Эта книга была и всегда будет достойна внимания молодых людей, потому что в ней нет трёх ужасных вещей: страха, злобы и обиды.
Обижаться можно на соседа. С судьбой и временем у человека совсем другие отношения. Двое на одного — не очень справедливо. Но некоторым удается выстоять и даже написать книгу.

 

Воробьёв К.Д. Убиты под Москвой: Повести и рассказы / Вступ. ст. В.Чалмаева; Худож. А.Тамбовкин. — М.: Дет. лит., 2003. — 284 с.: ил. — (Шк. б-ка).

«Учебная рота кремлёвских курсантов шла на фронт».
Это первая строка повести Константина Воробьёва «Убиты под Москвой» и для того, чтобы представить, «о чём книга», информации уже достаточно. Но информация здесь ни при чём. Речь идёт о том, как встречаются впервые война и человек. Определяя жанр этого произведения, вместо нейтрального термина «повесть» нужно было бы написать «прививка от иллюзий».
Читатель может не рассчитывать на снисхождение. Ноябрь, холодно, над полями стоит голубовато-призрачная мгла, которая не рассеивается и пахнет дымом, потому что всюду вокруг горят «населённые пункты». И в этой мгле с людьми происходят перемены, которые невозможно было вообразить всего несколько дней назад.
Читатель увидит генерала, который выходит из окружения в солдатской шинели без знаков офицерского различия, однако, встретив своих, начинает в ту же минуту на них кричать, как и положено генералу.
Читатель услышит звук выстрела, которым покончит с собой капитан Рюмин — наставник, кумир и образец для подражания мальчишек-курсантов. Человек, умевший держать строй. Человек в фуражке, надетой с неподражаемым «рюминским» шиком. Но война любит пошутить. Когда курсанты будут нести под обстрелом тело бывшего своего командира, чтобы похоронить, защитная каска, которую ему пришлось надеть в бою, собьётся набекрень и будет сидеть совсем по-рюмински, как всегда.
И только если читатель преодолеет всё это, он узнает, что лейтенант Алексей Ястребов остался жив. Даже больше: он подбил танк. Он взорвал этот проклятый танк почти у себя над головой, скатившись в яму, которую копали не для окопа, а для могилы. Он кинул свою бутылку туда, куда надо: не «в лоб», а в то место, которое встречный солдат назвал «репицей». Он вытащил себя из-под завала земли, а потом «отрыл свою шинель и рукавом гимнастёрки старательно очистил петлицы от налипшего песка и глины. Кубари были целы». После этого, взвалив на плечи все винтовки, ещё пригодные к употреблению, лейтенант Алексей Ястребов пошёл к своим.
Ноябрь 1941-го — это совсем не май 1945-го. Но повесть Воробьёва «Убиты под Москвой» — всё равно книга о победе.

 

Бакланов Г.Я. Пядь земли: Роман, повести, рассказы. — М.: Сов. писатель, 1989. — 767 с.: ил.

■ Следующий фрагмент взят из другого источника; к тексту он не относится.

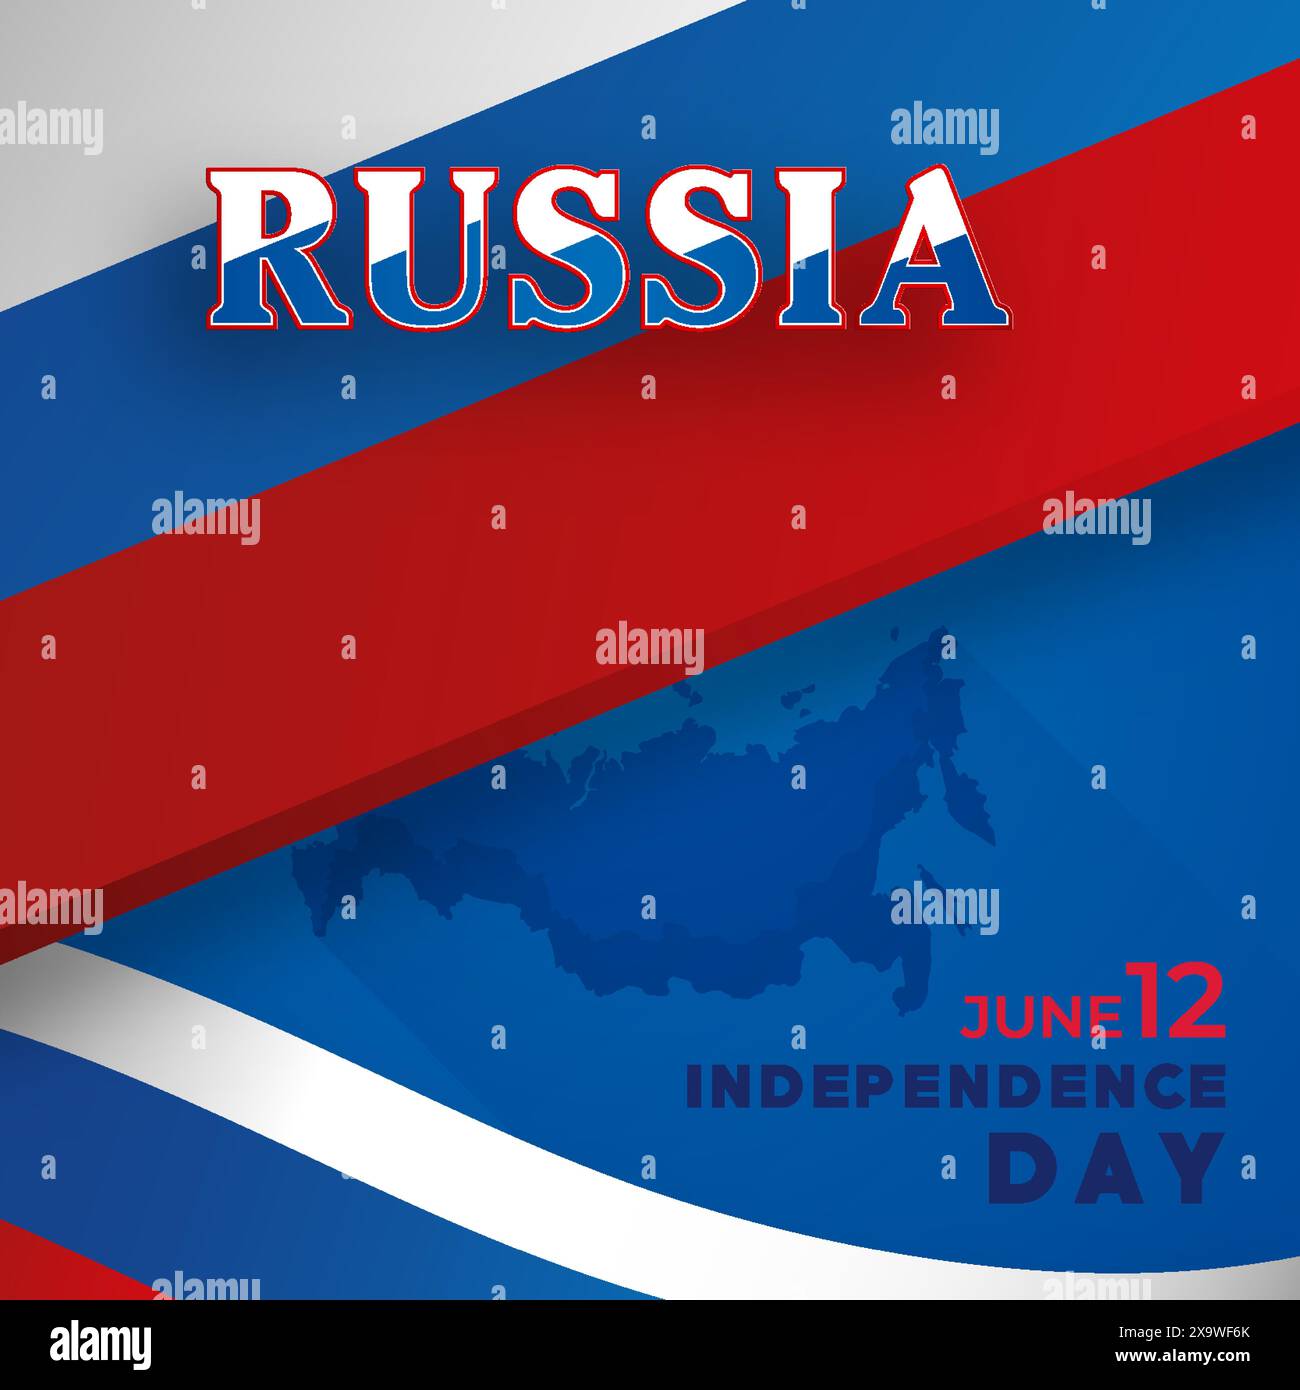 Felice giorno dell'indipendenza della Russia carta con carta blu e rossa taglio stile su sfondo di colore bianco per festivo anniversario nazionale della Russia, sul Illustrazione Vettoriale

Повесть Григория Бакланова «Пядь земли» очень похожа на дневник. Она не только написана от первого лица, но вся, от начала и до конца, существует в настоящем времени: «Я выхожу из землянки… Никольский садится рядом на землю… Странная тишина стоит на плацдарме…».
Дневники бывают разные. Одни целиком посвящены глубокопанию в себе, другие претендуют на живописание выдающихся событий и т.д. Текст Григория Бакланова — это, в сущности, хроника. Запись, иногда поминутная и посекундная, тех событий, что доступны одному человеческому взгляду. На пространстве в сто тридцать страниц умещается такое количество людей, ситуаций, поступков, неожиданностей, такой разброс настроений, эмоций, желаний, мгновенных наблюдений и умозаключений, которые может вместить в себя только самая напряжённая жизнь, жизнь на пределе, то есть — война.
Она уже перевалила за половину: действие повести развивается на берегах Днестра. Нужно написать большими буквами именно это слово — ДЕЙСТВИЕ, потому что на страницах книги Бакланова нет ни мгновения передышки. Даже когда никто не идёт в атаку, когда командир в землянке просто играет в шахматы, когда солдаты просто едят виноград, созревший в молдаванском саду, даже в эти тихие минуты поток повествования не замедляется, а только меняет оттенок.
Чёрным цветом, цветом смерти и смертельного боя окрашены в этой книге не очень многие страницы и такая «расстановка акцентов» производит особенно сильное впечатление. Нет, писатель Бакланов не позволяет себе лозунгов типа «жизнь побеждает смерть». Он вообще не склонен к лозунгам. Разве что в один из самых трагических моментов, у могилы друга, на земле, развороченной снарядами всех калибров, он вдруг замечает на одном из сохранившихся деревьев старую довоенную табличку: «Из одного дерева можно сделать миллион спичек. Одна спичка может сжечь миллион деревьев. Берегите лес от огня!».
Название «Пядь земли» звучит совершенно по-разному — до того, как прочтёшь повесть, и после того, как её прочтёшь. Перед ста тридцатью страницами это сочетание слов кажется назидательным и даже нарочитым. После — возникает странное и сильное, почти детское желание перечертить карту, потому что дорога от Москвы до Берлина должна делиться не на километры, а на пяди.

 

Казакевич Э.Г. Звезда: Избранное / Послесл. Б.С.Рубена. — М.: Эксмо, 2003. — 733 с. — (Красная книга рус. прозы).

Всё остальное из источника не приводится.